Spectral Lens: Activation and Gradient Spectra as Diagnostics of LLM Optimization
Batch size shapes LLM representation geometry, new paper shows.
A new paper from researchers Andy Zeyi Liu, Elliot Paquette, and John Sous introduces Spectral Lens, a diagnostic framework that uses spectral measurements of activations and gradients to uncover hidden internal dynamics in large language model (LLM) training. By applying SVD to activation covariance and per-sample gradients across a controlled family of decoder-only models (12, 36, and 48 layers, based on modded NanoGPT), the team reveals three empirical findings with practical implications. First, batch size acts as a latent determinant of representation geometry: runs reaching the same loss can settle into systematically distinct activation spectra. Second, the tail of the activation covariance spectrum measured early in training reliably forecasts downstream token efficiency, offering a potential early-stop or hyperparameter tuning signal. Third, tracking movement in the leading modes of the activation spectrum alongside gradient spectra characterizes underlying learning-dynamics changes, allowing practitioners to separate improvements that stem from architectural changes (learning-side) from those that are primarily execution-side (e.g., throughput gains).

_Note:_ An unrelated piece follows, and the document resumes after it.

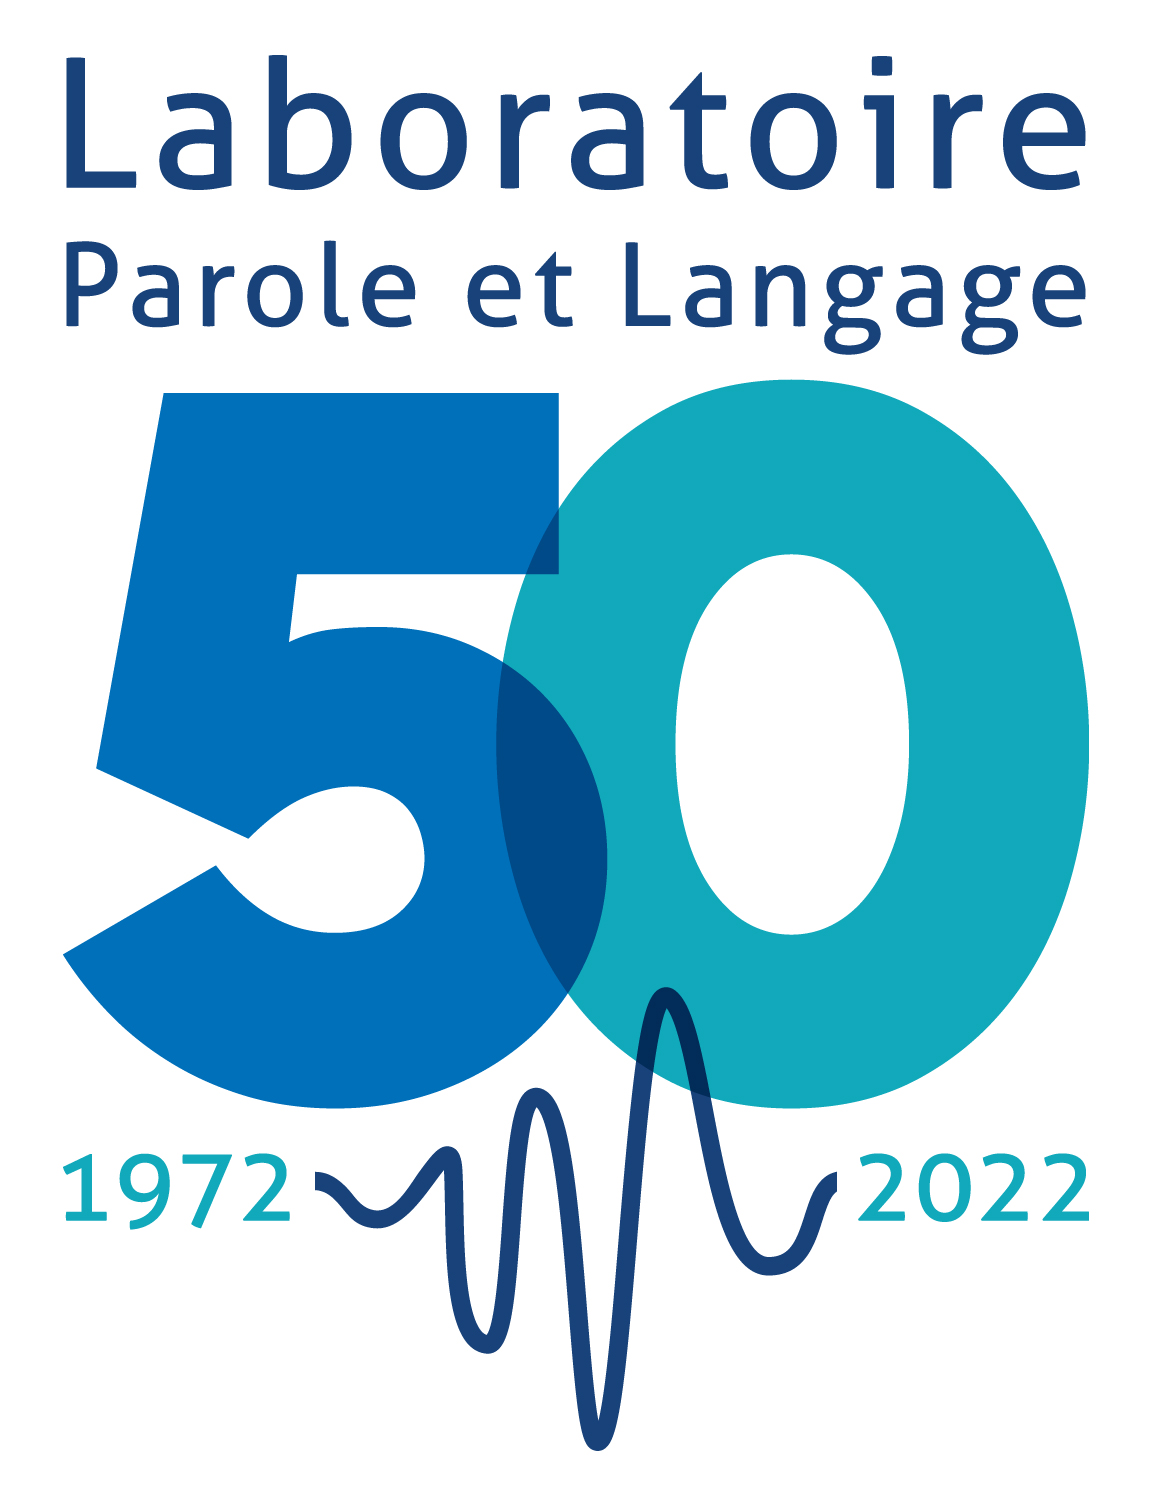 The LPL celebrates its 50th anniversary!

The findings hold consistently across model scales (12, 36, and 48 layers), suggesting broad applicability. Beyond the empirical results, the authors provide a mechanistic model that explains how activation covariance spectra correlate with task-aligned feature learning, offering theoretical grounding for the observed correlations. For AI engineers and researchers, Spectral Lens provides a practical, low-overhead diagnostic tool that could replace or complement standard loss curves and throughput metrics. The ability to predict token efficiency early and disentangle architectural from execution improvements promises more informed decisions during LLM training—potentially saving compute costs and accelerating optimization. The paper is available on arXiv under the subject areas Machine Learning (stat.ML) and Machine Learning (cs.LG).
- Batch size acts as a latent determinant of representation geometry; different batch sizes at equal loss produce distinct activation spectra.
- Early activation covariance tail predicts downstream token efficiency across 12-, 36-, and 48-layer models.
- Spectral movements in leading activation modes and gradient spectra separate learning-side (architectural) from execution-side (throughput) improvements.
Why It Matters
Predicts token efficiency early and disentangles architectural gains from throughput improvements, enabling smarter LLM training.